Только за одну ночь с 29 на 30 октября 1937 года в подвалах минской внутренней тюрьмы НКВД было убито около сотни деятелей белорусской культуры, в том числе писатели Михась Чарот, Василь Каваль, Михась Зарецкий…

За четыре месяца да своей отставки, в январе 1938 года на совещании у наркома внутренних дел СССР Ежова Борис Берман назвал общую цифру репрессированных по республике  — 60 тысяч человек.

Дьявол из преисподней

«В Минске это был сущий дьявол, вырвавшийся из преисподней», — так охарактеризовал Бермана сменивший его на посту главы республиканского НКВД Алексей Наседкин.

«По субботам, — вспоминал он, — Берман устраивал производственные совещания. Вызывали на сцену по заготовленному списку шесть человек из числа следователей — три лучших и три худших. Берман начинал так: «Вот один из лучших наших работников, Иванов Иван Николаевич. За неделю товарищ Иванов закончил сто дел, из них сорок — на высшую меру, а шестьдесят — на общий срок в тысячу лет. Поздравляю, товарищ Иванов. Спасибо! Сталин о вас знает и помнит. Вы представляетесь к награде орденом, а сейчас получите денежную премию в сумме пяти тысяч рублей! Вот деньги. Садитесь!». Вдруг в мертвом безмолвии Берман громко называл фамилию… «Вот Михайлов Александр Степанович. Смотрите на него товарищи! За неделю он закончил три дела. Ни одного расстрела, предлагаются сроки в пять и семь лет». Гробовая тишина. Берман медленно подходит к несчастному. «Вахта! Забрать его!». Следователя уводят… «Выяснено, что этот человек завербован нашими врагами, поставившими себе целью сорвать работу органов, сорвать выполнение заданий товарища Сталина».

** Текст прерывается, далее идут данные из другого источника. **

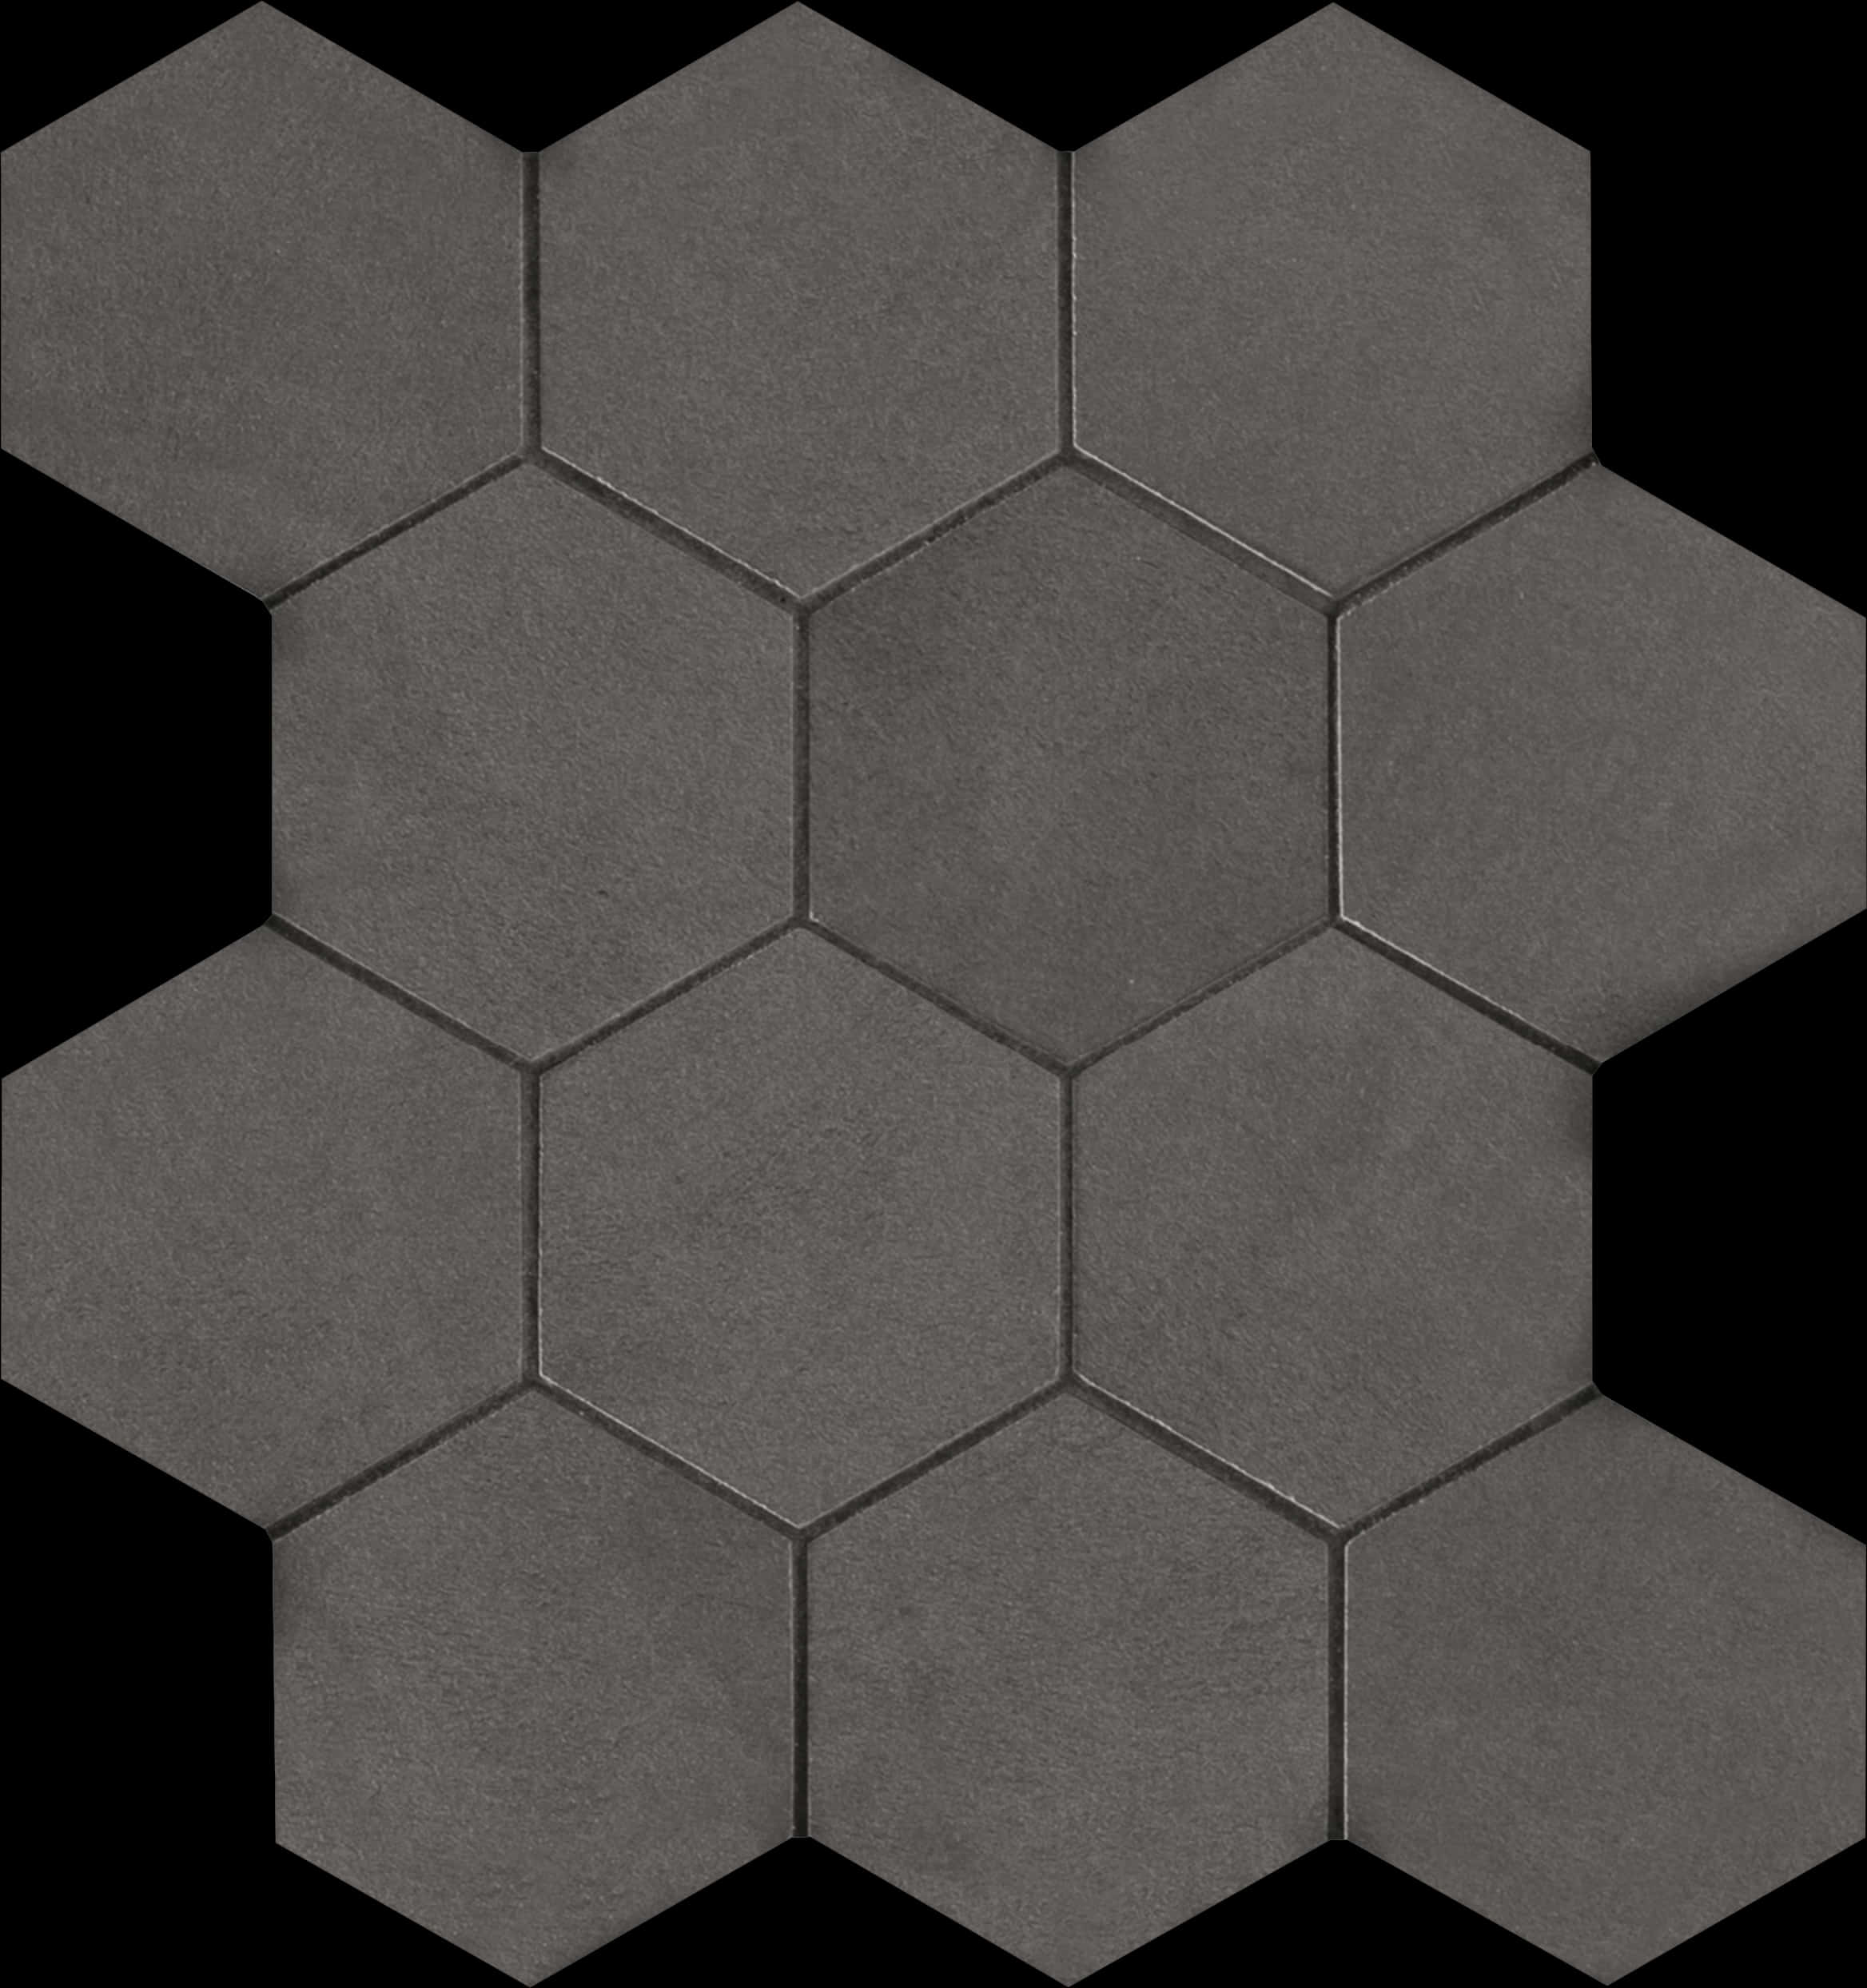 Abstract Hexagonal Tiles Pattern PNG

А вот строки из показаний сотрудника НКВД БССР Быховского: «Берман и бывший начальник следственного отдела Волчек на официальных совещаниях давали установки совершенно открыто, что, если враг не сдается, надо на него воздействовать физически и сломить его... Я в числе других стал это делать. Начал применять при допросах к арестованным самые разнообразные методы издевательств... Бил их руками, сажал на стул, затем вынимал из-под них стул и они падали, клал на пол, сгибал вдвое и ставил сверху табурет, садился на него и сидел до тех пор, пока эти лица не начинали давать показания, плевал им в лицо и прочее».

В суде Быховский заявил, что у него не было выбора: «Если бы я не выполнял распоряжения Бермана, меня сделали бы польским шпионом и расстреляли».

Сделали шпионом и поставили к стенке

Спустя несколько месяцев после прокурорского совещания в Минске Борис Берман, к тому времени уже переведенный на другую работу, был арестован, а в феврале 1939-го расстрелян. Предъявленные ему обвинения были столь же нелепы, как и те, по которым он гноил людей в застенках НКВД: из заурядного садиста и палача сделали опасного немецкого шпиона.

17 ноября 1938 года Совнарком СССР и ЦК ВКП (б) приняли совместное постановление «Об арестах, прокурорском надзоре и ведении следствия». Признав этим документом «перегибы» в работе правоохранительной системы, партия и правительство санкционировали приостановку массовых репрессий.